[Extracted records]
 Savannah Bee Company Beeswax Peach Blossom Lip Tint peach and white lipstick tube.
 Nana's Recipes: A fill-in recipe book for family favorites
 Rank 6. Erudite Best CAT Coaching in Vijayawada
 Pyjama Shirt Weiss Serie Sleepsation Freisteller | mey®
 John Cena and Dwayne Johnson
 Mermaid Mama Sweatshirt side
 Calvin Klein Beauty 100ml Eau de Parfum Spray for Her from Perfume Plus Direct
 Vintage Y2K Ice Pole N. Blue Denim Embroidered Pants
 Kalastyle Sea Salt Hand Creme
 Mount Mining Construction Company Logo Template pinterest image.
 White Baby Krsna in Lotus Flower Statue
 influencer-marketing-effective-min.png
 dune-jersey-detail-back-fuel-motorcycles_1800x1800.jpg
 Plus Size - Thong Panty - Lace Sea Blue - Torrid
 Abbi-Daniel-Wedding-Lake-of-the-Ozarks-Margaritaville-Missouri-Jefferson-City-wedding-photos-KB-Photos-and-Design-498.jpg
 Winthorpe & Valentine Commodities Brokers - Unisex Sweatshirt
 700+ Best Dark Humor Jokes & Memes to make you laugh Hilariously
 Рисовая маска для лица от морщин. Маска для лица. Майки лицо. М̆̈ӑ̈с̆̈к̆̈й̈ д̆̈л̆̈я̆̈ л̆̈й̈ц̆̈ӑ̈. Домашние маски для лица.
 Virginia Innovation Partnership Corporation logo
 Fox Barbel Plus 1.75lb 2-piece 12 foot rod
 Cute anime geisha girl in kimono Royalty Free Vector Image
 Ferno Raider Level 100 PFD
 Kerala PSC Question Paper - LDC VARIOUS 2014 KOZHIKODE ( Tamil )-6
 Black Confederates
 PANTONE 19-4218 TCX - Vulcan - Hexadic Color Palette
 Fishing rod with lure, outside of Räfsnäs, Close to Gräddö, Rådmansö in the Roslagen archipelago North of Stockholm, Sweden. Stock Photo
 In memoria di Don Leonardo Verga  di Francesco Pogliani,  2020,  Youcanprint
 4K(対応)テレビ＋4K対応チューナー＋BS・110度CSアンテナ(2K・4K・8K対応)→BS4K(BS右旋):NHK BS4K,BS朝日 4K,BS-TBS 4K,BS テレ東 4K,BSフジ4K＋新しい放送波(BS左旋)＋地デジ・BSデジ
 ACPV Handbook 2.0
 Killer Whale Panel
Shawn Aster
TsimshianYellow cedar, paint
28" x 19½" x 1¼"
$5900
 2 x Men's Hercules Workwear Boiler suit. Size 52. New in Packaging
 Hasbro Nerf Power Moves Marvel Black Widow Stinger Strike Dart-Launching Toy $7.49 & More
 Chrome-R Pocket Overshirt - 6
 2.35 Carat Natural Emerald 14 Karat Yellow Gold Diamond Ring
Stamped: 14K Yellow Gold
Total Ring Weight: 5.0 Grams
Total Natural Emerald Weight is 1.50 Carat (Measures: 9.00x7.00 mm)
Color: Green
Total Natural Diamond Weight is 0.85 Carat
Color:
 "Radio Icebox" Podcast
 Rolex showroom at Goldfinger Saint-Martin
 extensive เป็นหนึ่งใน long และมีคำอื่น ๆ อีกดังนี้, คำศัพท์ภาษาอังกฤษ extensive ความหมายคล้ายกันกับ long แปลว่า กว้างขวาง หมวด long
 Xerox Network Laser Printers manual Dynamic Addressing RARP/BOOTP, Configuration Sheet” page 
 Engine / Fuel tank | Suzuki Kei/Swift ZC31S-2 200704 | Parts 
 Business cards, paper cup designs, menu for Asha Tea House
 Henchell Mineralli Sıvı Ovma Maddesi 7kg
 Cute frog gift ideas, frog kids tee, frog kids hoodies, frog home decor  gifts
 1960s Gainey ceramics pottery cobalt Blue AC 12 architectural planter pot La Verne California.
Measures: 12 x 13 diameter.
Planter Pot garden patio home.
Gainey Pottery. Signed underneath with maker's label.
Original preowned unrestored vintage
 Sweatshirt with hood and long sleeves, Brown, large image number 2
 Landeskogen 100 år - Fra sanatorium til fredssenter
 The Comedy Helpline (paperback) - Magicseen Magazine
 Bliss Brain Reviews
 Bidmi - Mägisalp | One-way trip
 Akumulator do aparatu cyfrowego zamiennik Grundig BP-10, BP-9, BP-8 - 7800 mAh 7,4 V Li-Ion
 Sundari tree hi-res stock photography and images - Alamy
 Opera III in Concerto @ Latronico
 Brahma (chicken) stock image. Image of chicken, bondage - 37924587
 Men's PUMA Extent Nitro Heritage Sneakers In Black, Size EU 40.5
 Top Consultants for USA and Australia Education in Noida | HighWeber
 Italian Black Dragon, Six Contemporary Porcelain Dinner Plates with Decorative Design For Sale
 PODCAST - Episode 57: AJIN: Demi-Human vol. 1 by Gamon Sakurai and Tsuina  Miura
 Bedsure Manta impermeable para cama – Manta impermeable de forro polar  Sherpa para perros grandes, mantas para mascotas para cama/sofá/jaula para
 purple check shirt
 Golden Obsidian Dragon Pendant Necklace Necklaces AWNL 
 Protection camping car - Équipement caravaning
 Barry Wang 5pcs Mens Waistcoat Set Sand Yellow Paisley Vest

▸ WHAT YOU WILL DO:
Copy the entries above exactly, but only from the line holding "Planter Pot garden patio home." through the line holding "Italian Black Dragon, Six", both included.

▸ TASK OUTPUT:
Planter Pot garden patio home.
Gainey Pottery. Signed underneath with maker's label.
Original preowned unrestored vintage
 Sweatshirt with hood and long sleeves, Brown, large image number 2
 Landeskogen 100 år - Fra sanatorium til fredssenter
 The Comedy Helpline (paperback) - Magicseen Magazine
 Bliss Brain Reviews
 Bidmi - Mägisalp | One-way trip
 Akumulator do aparatu cyfrowego zamiennik Grundig BP-10, BP-9, BP-8 - 7800 mAh 7,4 V Li-Ion
 Sundari tree hi-res stock photography and images - Alamy
 Opera III in Concerto @ Latronico
 Brahma (chicken) stock image. Image of chicken, bondage - 37924587
 Men's PUMA Extent Nitro Heritage Sneakers In Black, Size EU 40.5
 Top Consultants for USA and Australia Education in Noida | HighWeber
 Italian Black Dragon, Six Contemporary Porcelain Dinner Plates with Decorative Design For Sale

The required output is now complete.